Spinny Posted 15 minutes ago Posted 15 minutes ago 1 hour ago, Beelbeebub said: Own up. Yes I think we are all aware the days of UK peak oil & gas are over. That is not a reason to abandon what remains, and you never know when new reserves are going to be found. I am quite happy with mixed and diverse sources for UK energy. Let the people, and the market try them all and use them as and when they suit. They all have pros and cons. I don't think hacking down rainforest for balsa wood to make wind turbine blades is a great idea, nor chopping up sea birds and birds of prey, nor child labour digging for cobalt and lithium, nor covering prime farm land with solar farms. It is far from as simple as the virtue crusaders think. On energy security and national security I am old enough to remember when we had a proper focus on energy security and national security infrastructure - bourne out of the experience of 2 great wars. It was all abandoned when the Berlin wall came down. We are in our 4th decade of treasonous politicians of all hues doing their best to destroy our nation and it's security. We can barely even make any steel any more, have willingly prostituted ourselves to the totalitarianism of China, sold 50 Billion of gold at one twentieth of today's value, wasted vast sums on covid nonsense, have hacked the armed forces back to embarassing levels - there is an endless list.

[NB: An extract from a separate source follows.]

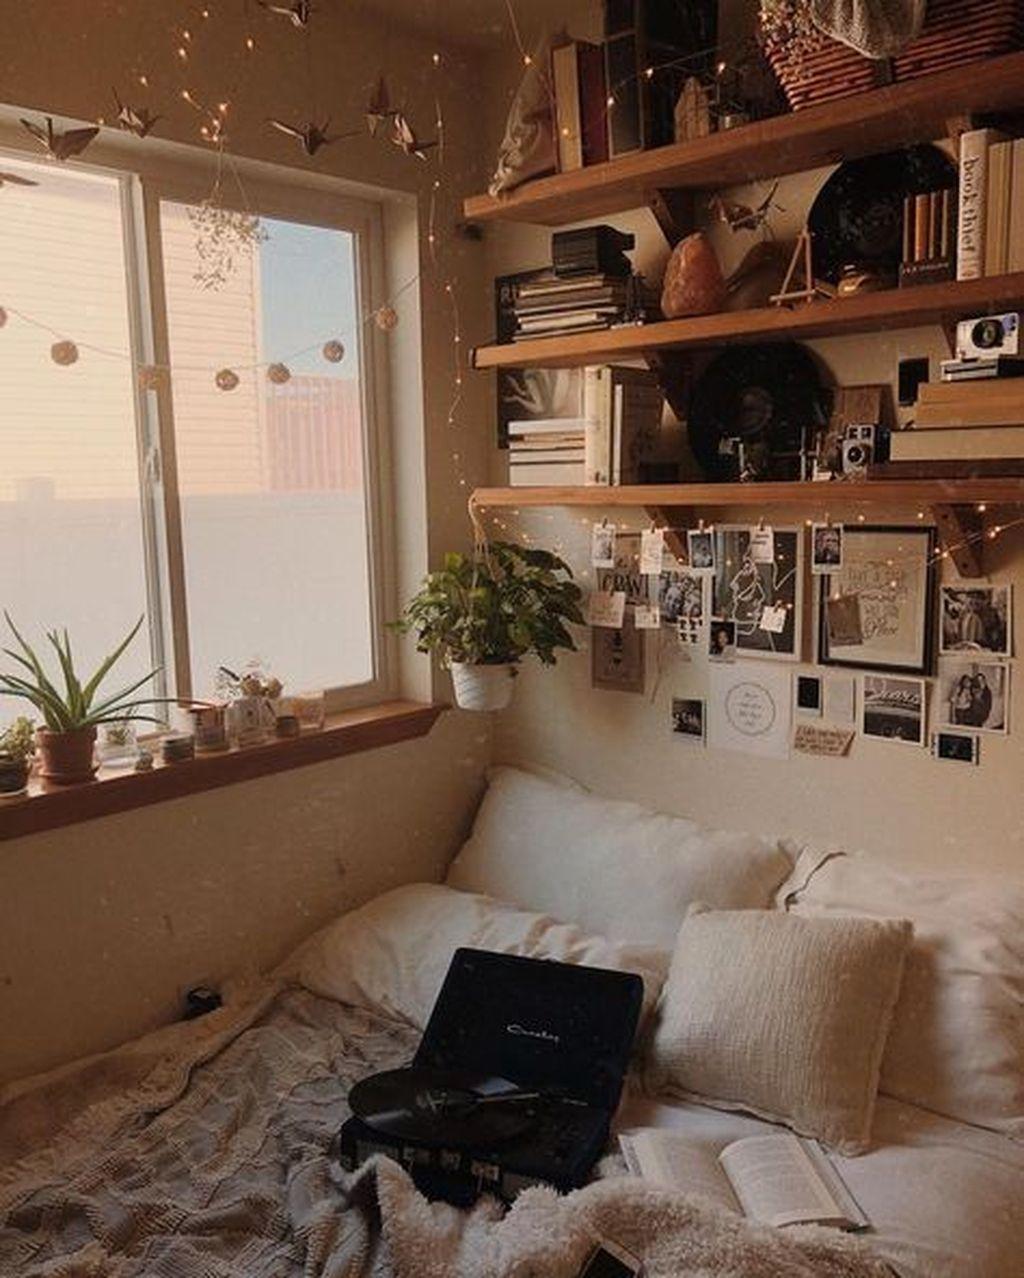 47 Charming Diy Dorm Room Decorating Ideas On A Budget

-rick- Posted 15 minutes ago Posted 15 minutes ago (edited) 30 minutes ago, Spinny said: But that is not the situation. It has been 20 years since Al Gore released 'An Inconvenient Truth' and the first COP meeting was in 1995 over 30 years ago. Exxon scientists reported on climate change effects in the 70s. There are press reports on the impact on carbon on the climate from the 1920s maybe even earlier. 30 minutes ago, Spinny said: The end is nigh they cried but all the portents of doom have not actually occurred. A frog in slowly warming water doesn't notice the difference and gets cooked. Plenty of bad things have been happening. Once in 100 year events now happen much more frequently. Insurance companies are taking hit after hit pushing up insurance costs massively and causing them to refuse to insure many properties without government backstops (more in other countries than here, it's a global phenomenon). Biodiversity is crashing and we've lost vast quantities of species to extinction (though admittedly only some of that is due to climate, but many are directly linked to it). Crop failures, droughts, more hurricanes, heat waves, floods, all have increased. All have been predicted in the 1990s as results of climate change. Some of the tabloid headlines of the past were overcooked, but equally many more recent headlines undersell the risks we face at this point. (potential AMOC collapse as an example) 30 minutes ago, Spinny said: And we definitely have people being paid to try to keep a failing narrative going There are lobbyists around for every subject under the sun. The amount of money spend on lobbying by the 'climate skeptic' side outweighs lobbying from green groups by orders of magnitude. In any case, we shouldn't be paying attention to lobbyists, we should be looking at the last 50 years of scientific research, which has consistently backed CO2 emissions as the cause of the warming climate. 30 minutes ago, Spinny said: , and people in school taught that opinon is fact, I'd argue that widespread scientific consensus is more than mere opinion. Is it 100% fact? No, but it's not just an opinion. It's rigorous data backed analysis which has been picked apart by every interested party. It's the closest science can ever come to fact. 30 minutes ago, Spinny said: and organisations like the Met Office and the BBC obviously lying, censoring, and misrepresenting climate concerns. Such as? Edited 10 minutes ago by -rick-
-rick- Posted 8 minutes ago Posted 8 minutes ago 4 minutes ago, Spinny said: Yes I think we are all aware the days of UK peak oil & gas are over. That is not a reason to abandon what remains, and you never know when new reserves are going to be found. @Beelbeebub wasn't saying we should abandon it. He was saying it's a precious resource we should save for things where we don't have an alternative. Many of our uses of fossil fuels can be replaced with other sources of energy. Some things are much more difficult, eg, chemicals and plastics.